Bodyguard’s Richard Madden, Celebrated Soprano and West End Designer to be Honoured by Scotland’s National Conservatoire
A Golden Globe-winning actor and one of Time Magazine’s most influential people, a multi-Olivier Award-winning lighting designer and one of the finest sopranos Scotland has produced are all to be recognised with honorary doctorates from the Royal Conservatoire of Scotland.
Actor Richard Madden, lighting designer Paule Constable and soprano Margaret Marshall OBE will receive the honours as part of the Conservatoire’s summer graduation on Thursday, July 4. The trio will join more than 300 graduands who will graduate across the disciplines of music, drama, dance, production, Education and film.
Professor Jeffrey Sharkey, Principal of the Royal Conservatoire of Scotland, said: “Graduation is a wonderful opportunity to recognise and celebrate inspirational individuals who have made deep and lasting contributions to the world through the arts.
“Richard, Paule and Margaret have all demonstrated an exceptional ability to inspire and engage audiences through their artistry and we are delighted to be able to honour them while we celebrate our students’ achievements on their special occasion here at Scotland’s national conservatoire.”
Actor Richard Madden, from Elderslie in Renfrewshire, will be honoured for his contribution to drama.

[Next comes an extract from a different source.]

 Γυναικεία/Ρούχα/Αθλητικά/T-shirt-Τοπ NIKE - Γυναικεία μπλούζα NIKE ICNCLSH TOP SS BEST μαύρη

Richard, who graduated from the Royal Conservatoire in 2007, won Best Performance by an Actor in a Television Series Drama for his role in the BBC series Bodyguard at this year’s Golden Globes. He was recently named one of the 100 most influential people in the world by Time magazine.
Richard hits the big screen next month in the Elton John biopic Rocketman, playing music manager John Reid. He will also appear in World War One drama 1917 with Benedict Cumberbatch, Colin Firth and Mark Strong which is released later this year. The film is written by Sam Mendes and Krysty Wilson-Cairns, a Royal Conservatoire graduate.

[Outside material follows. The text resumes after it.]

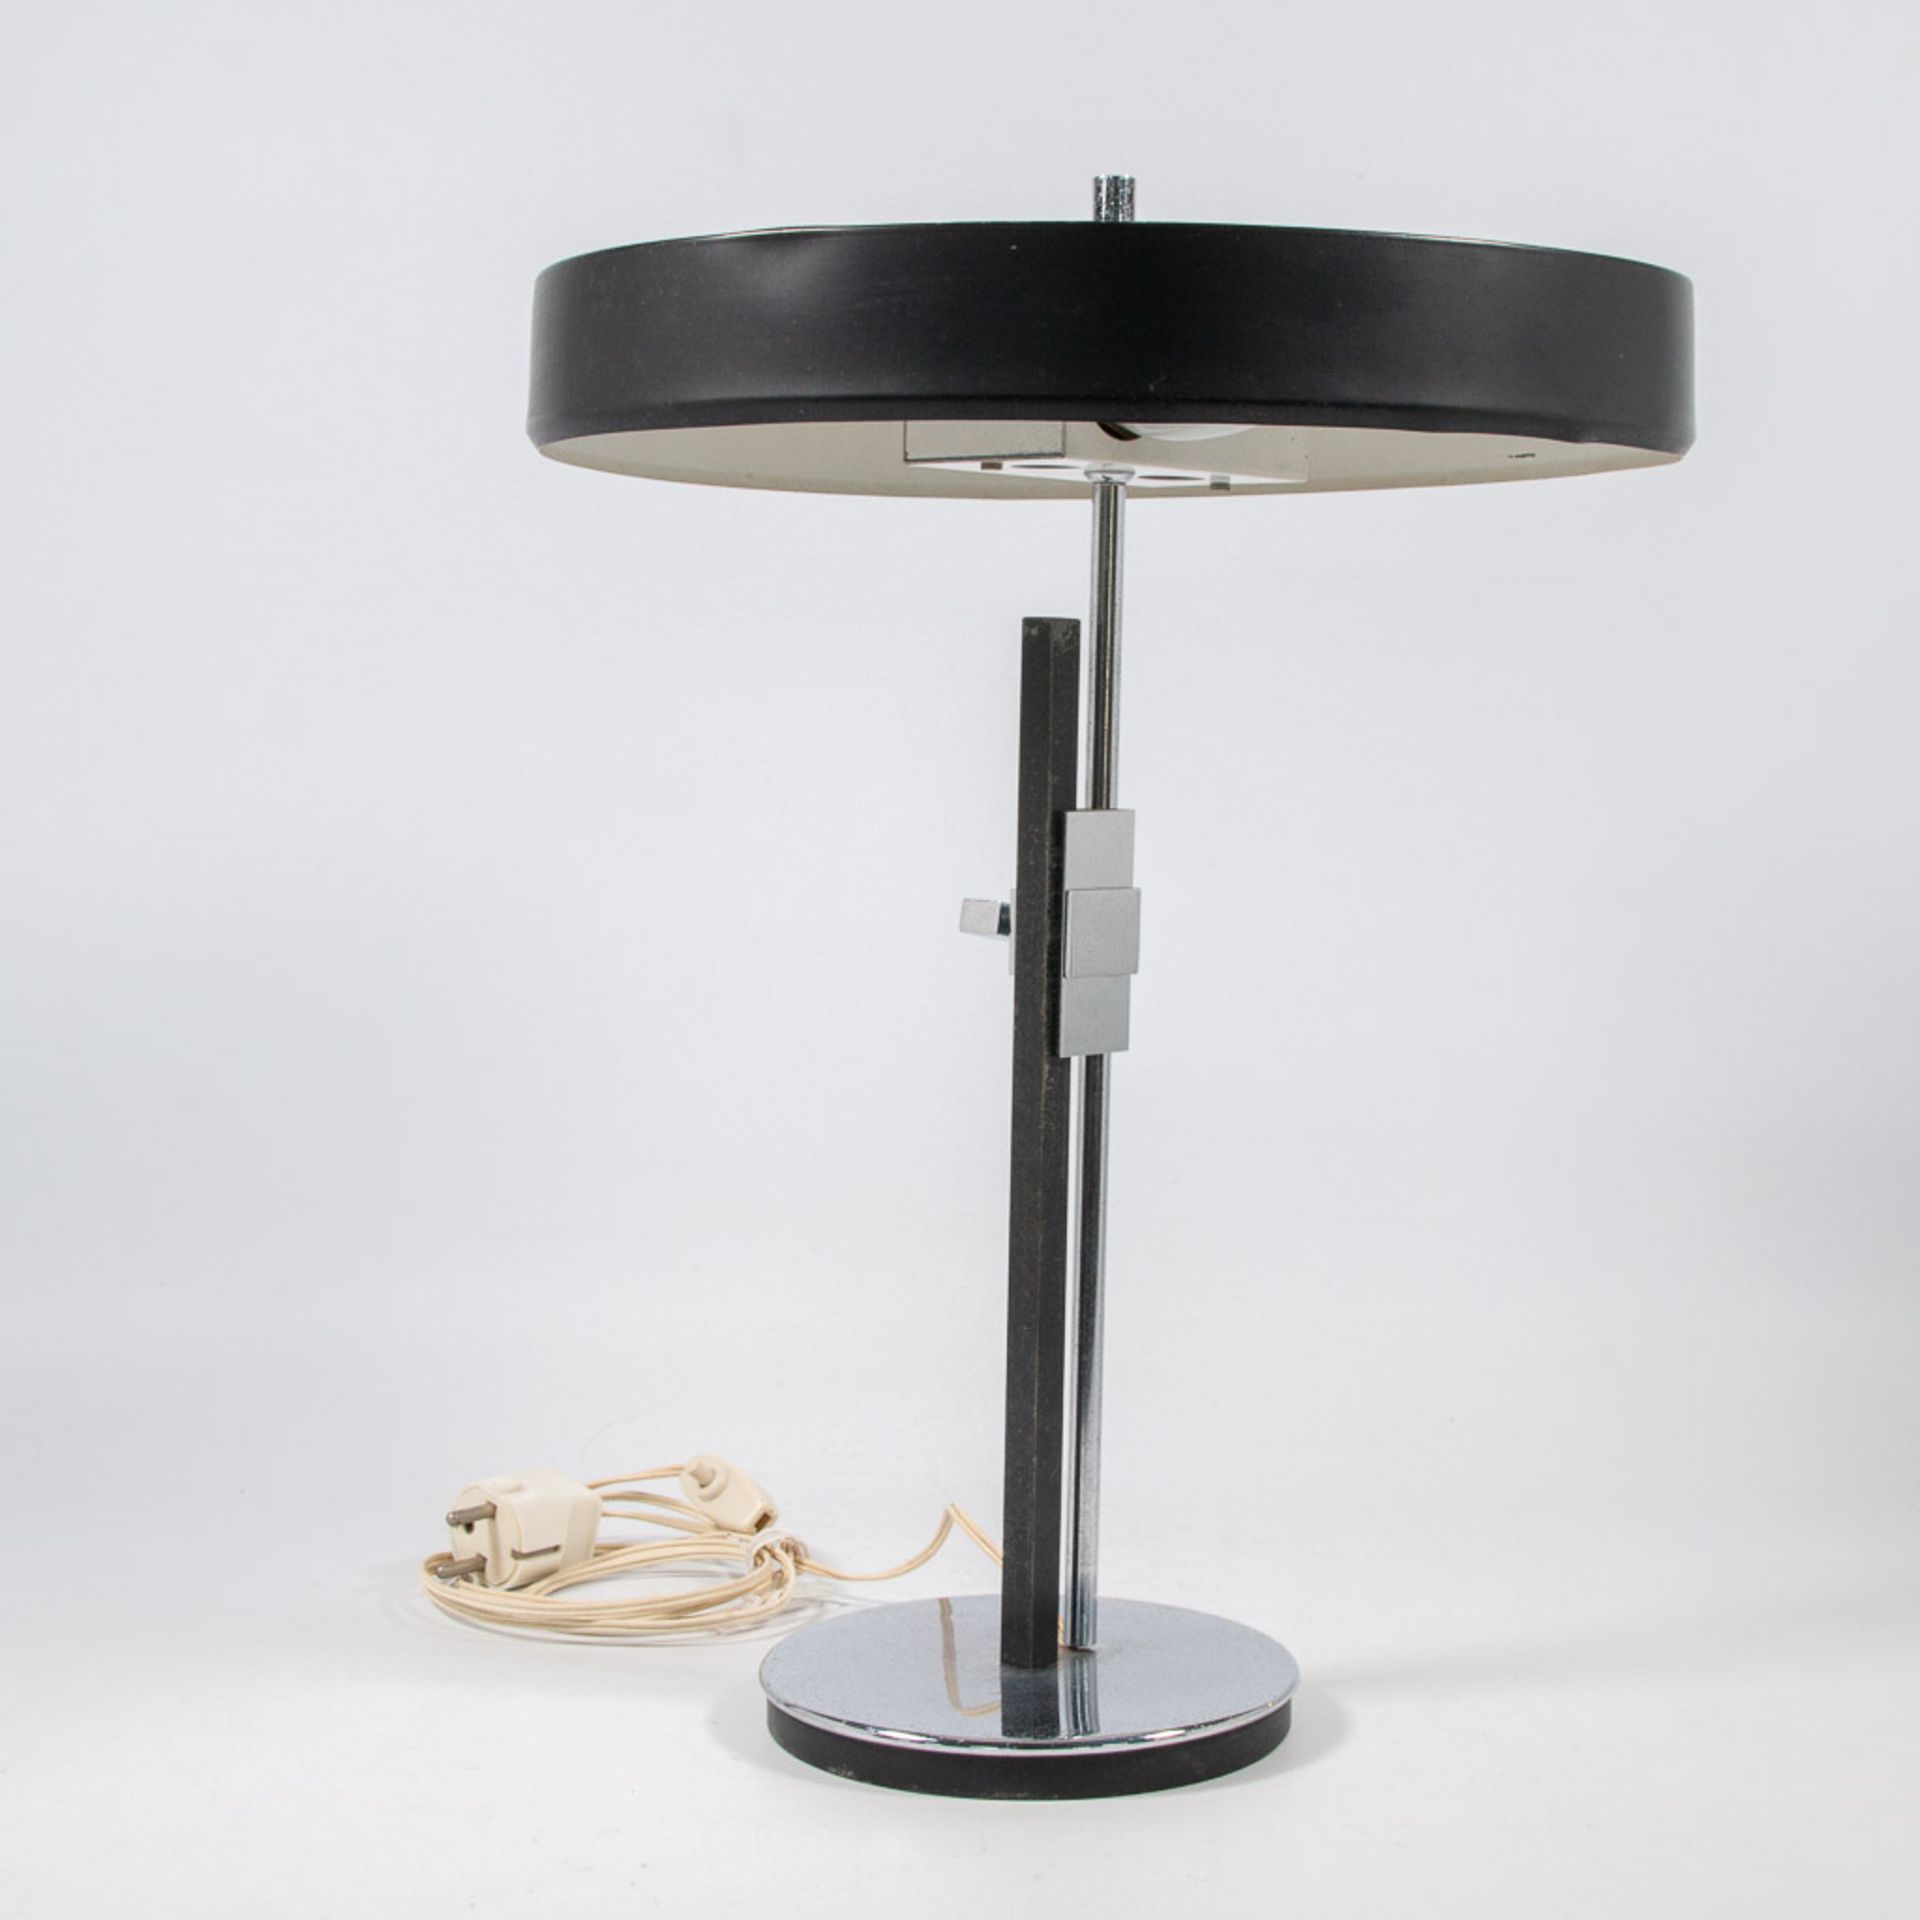 Louis Christian KALFF (1897-1976) A vintage desk lamp

An honorary degree will also be bestowed upon lighting luminary Paule Constable whose creative vision has illuminated stages all over the world, from London’s West End to Broadway. Paule is Associate Director of the National Theatre and an Associate of the Lyric Hammersmith and for Matthew Bourne’s New Adventures.
She has four Laurence Olivier Awards for Lighting Design for The Curious Incident of the Dog in the Night-Time, The Chalk Garden, Don Carlos and His Dark Materials. She has won two Tony Awards for lighting design for War Horse and The Curious Incident of the Dog in the Night-Time. She has received three Critics Circle Awards in LA and two in New York along with two Drama Desk Awards. She received the Hospital Award for contribution to theatre and was the first recipient of the Opera Award for Lighting in 2013. Paule has also received the Knight of Illumination Award three times.

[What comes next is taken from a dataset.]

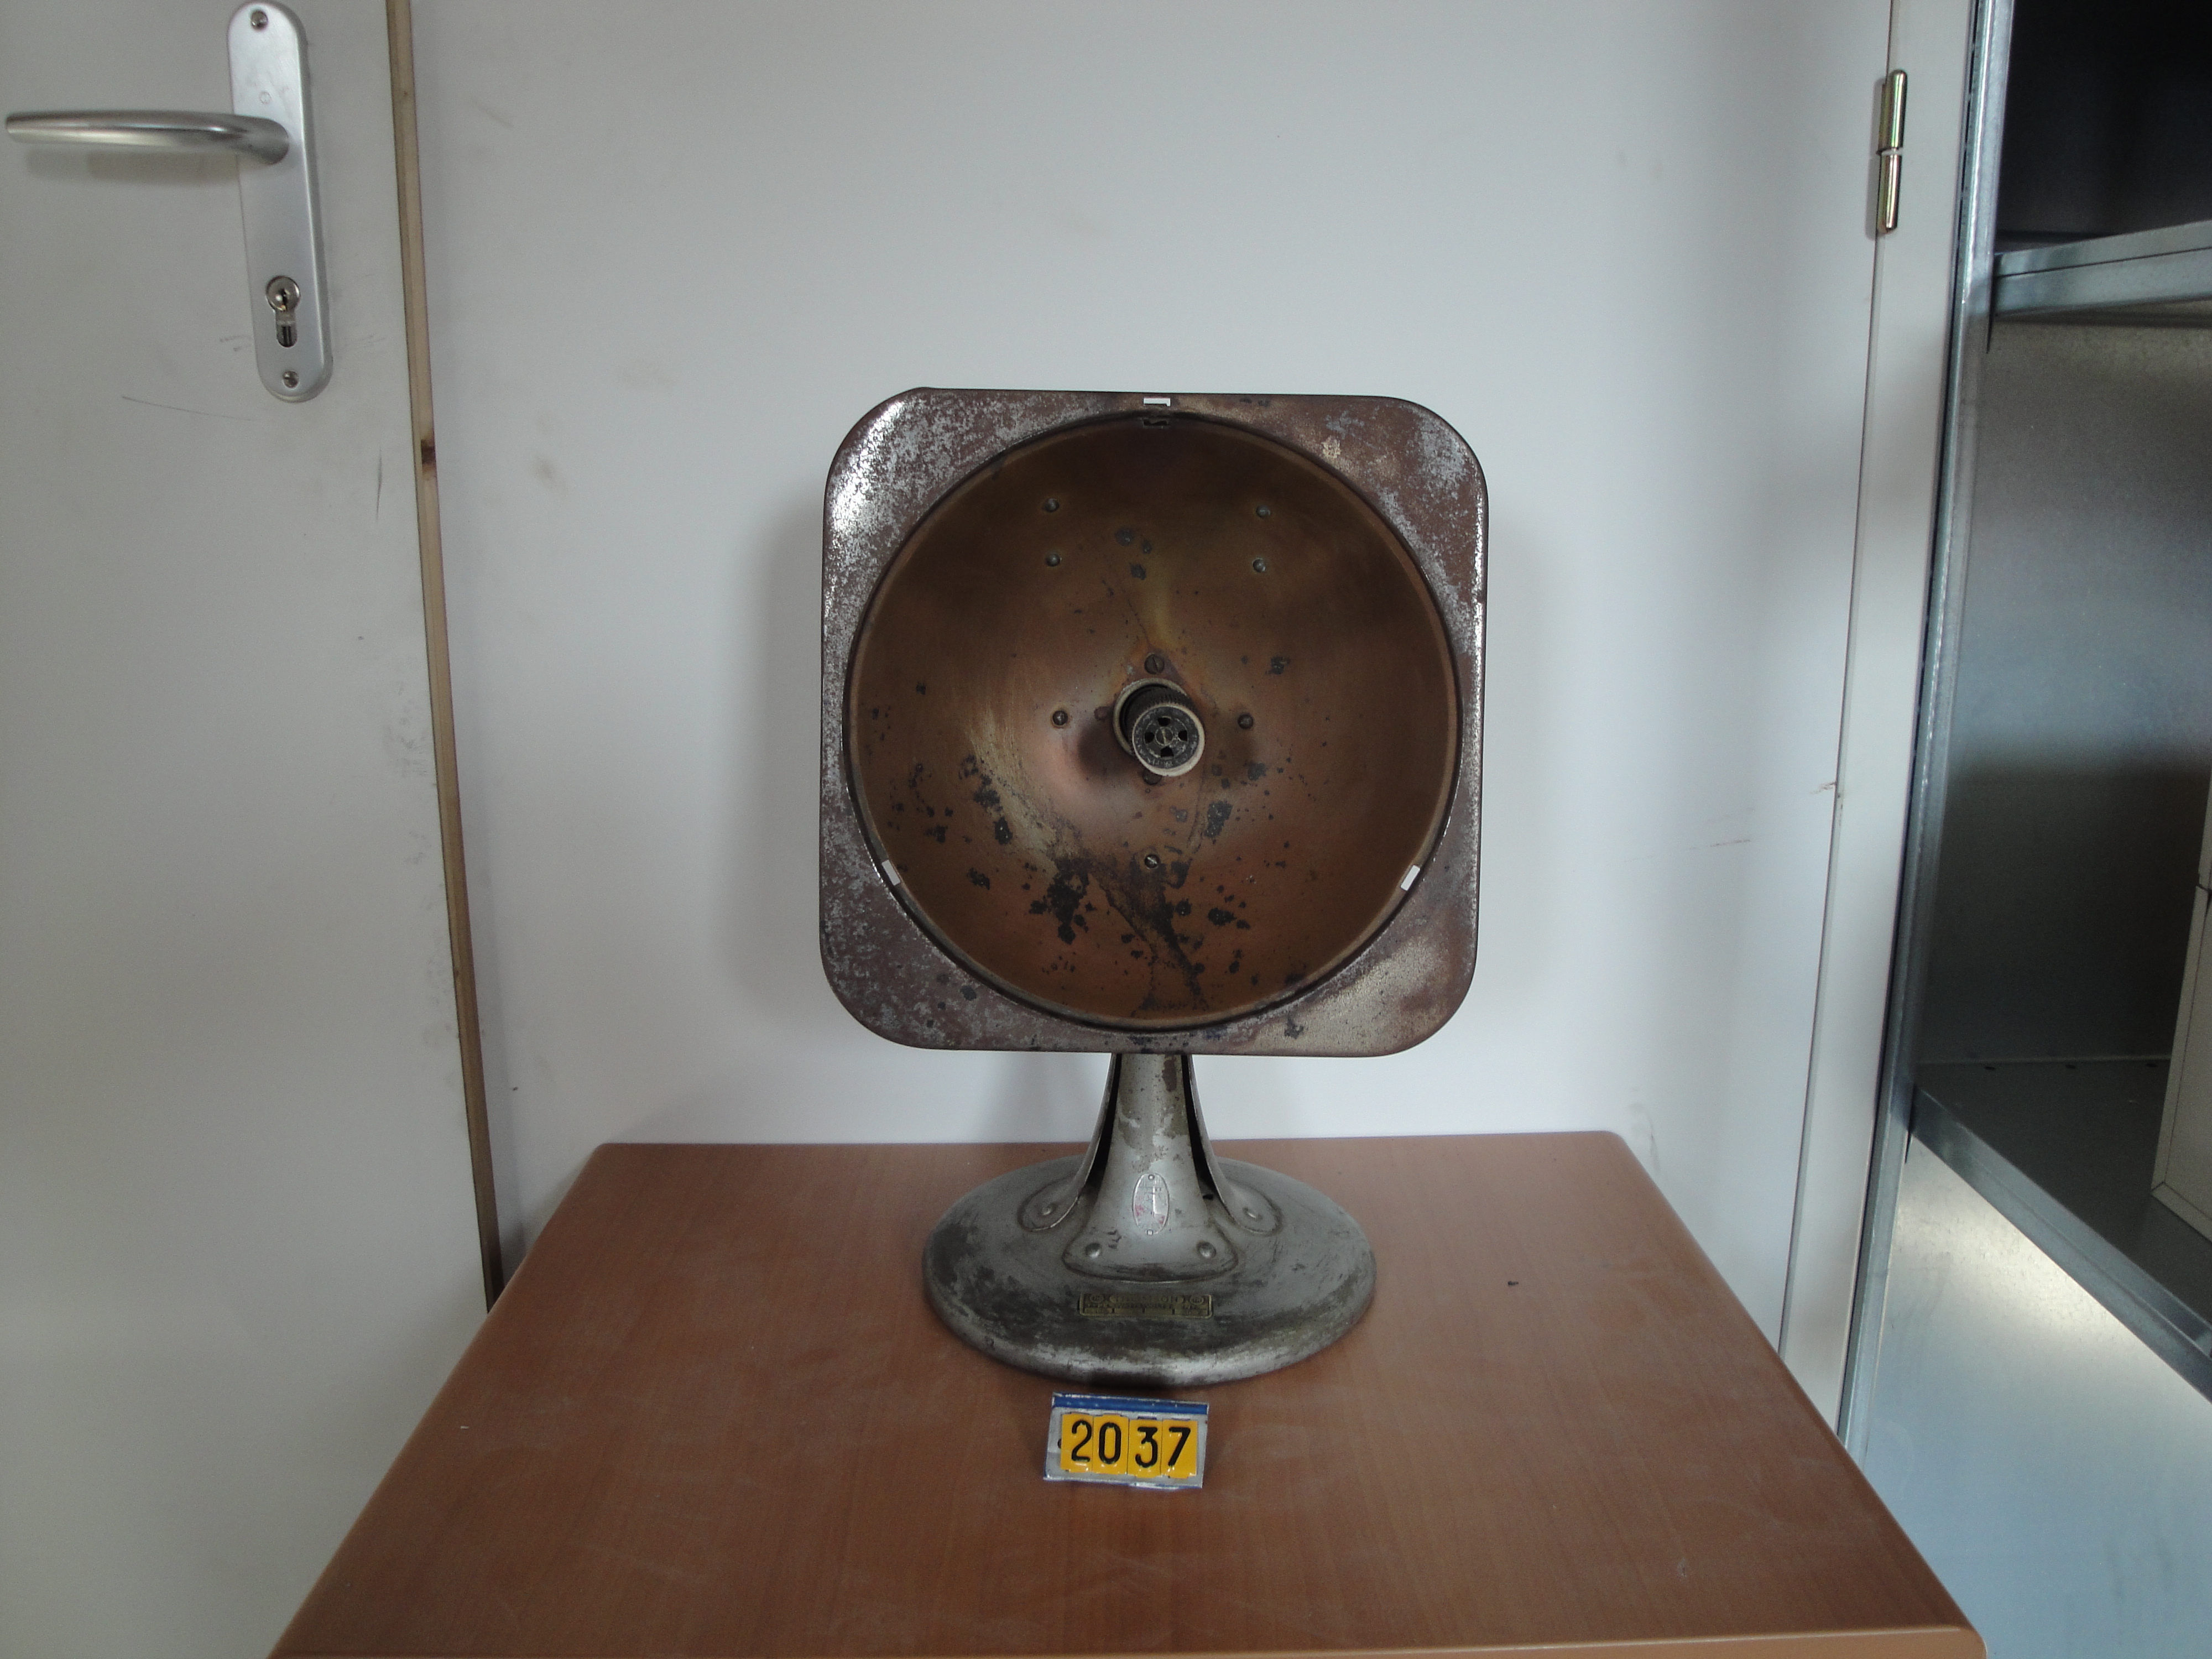  Collection ASPEG, pièce numéro 2037 : radiateur parabolique

An honorary degree will also be presented to Stirling-born soprano, Margaret Marshall OBE. Margaret, a graduate of what was the Royal Scottish Academy of Music and Drama, rose to international prominence when she won first prize at the Munich International Competition. She made her London debut at the Wigmore Hall the following year. Her operatic debut came in Florence in 1978, under the conductor Riccardo Muti. She was particularly noted for her interpretation of Mozartian roles which she sang in many of the world’s leading opera houses including the Royal Opera House in London, La Scala in Milan, Vienna’s Wiener Staatsoper and the Salzburg Festival.
Margaret was also a prolific concert singer with a broad repertoire ranging from Bach to Britten, appearing with many of the world’s most renowned orchestras including the Berlin Philharmonic, the Vienna Philharmonic, the New York Philharmonic, the Chicago Symphony Orchestra, the London Symphony Orchestra, the Academy of St Martin in the Fields and the Royal Scottish National Orchestra. She performed with conductors Claudio Abbado, Riccardo Muti, Sir Neville Marriner, John Eliot Gardiner, Bernard Haitink and Sir Alexander Gibson. Her recordings include Bach’s Mass in B Minor with Sir Neville Marriner, Handel’s Messiah with John Eliot Gardiner, Così fan tutte with Riccardo Muti and Pergolesi’s Stabat Mater with Claudio Abbado.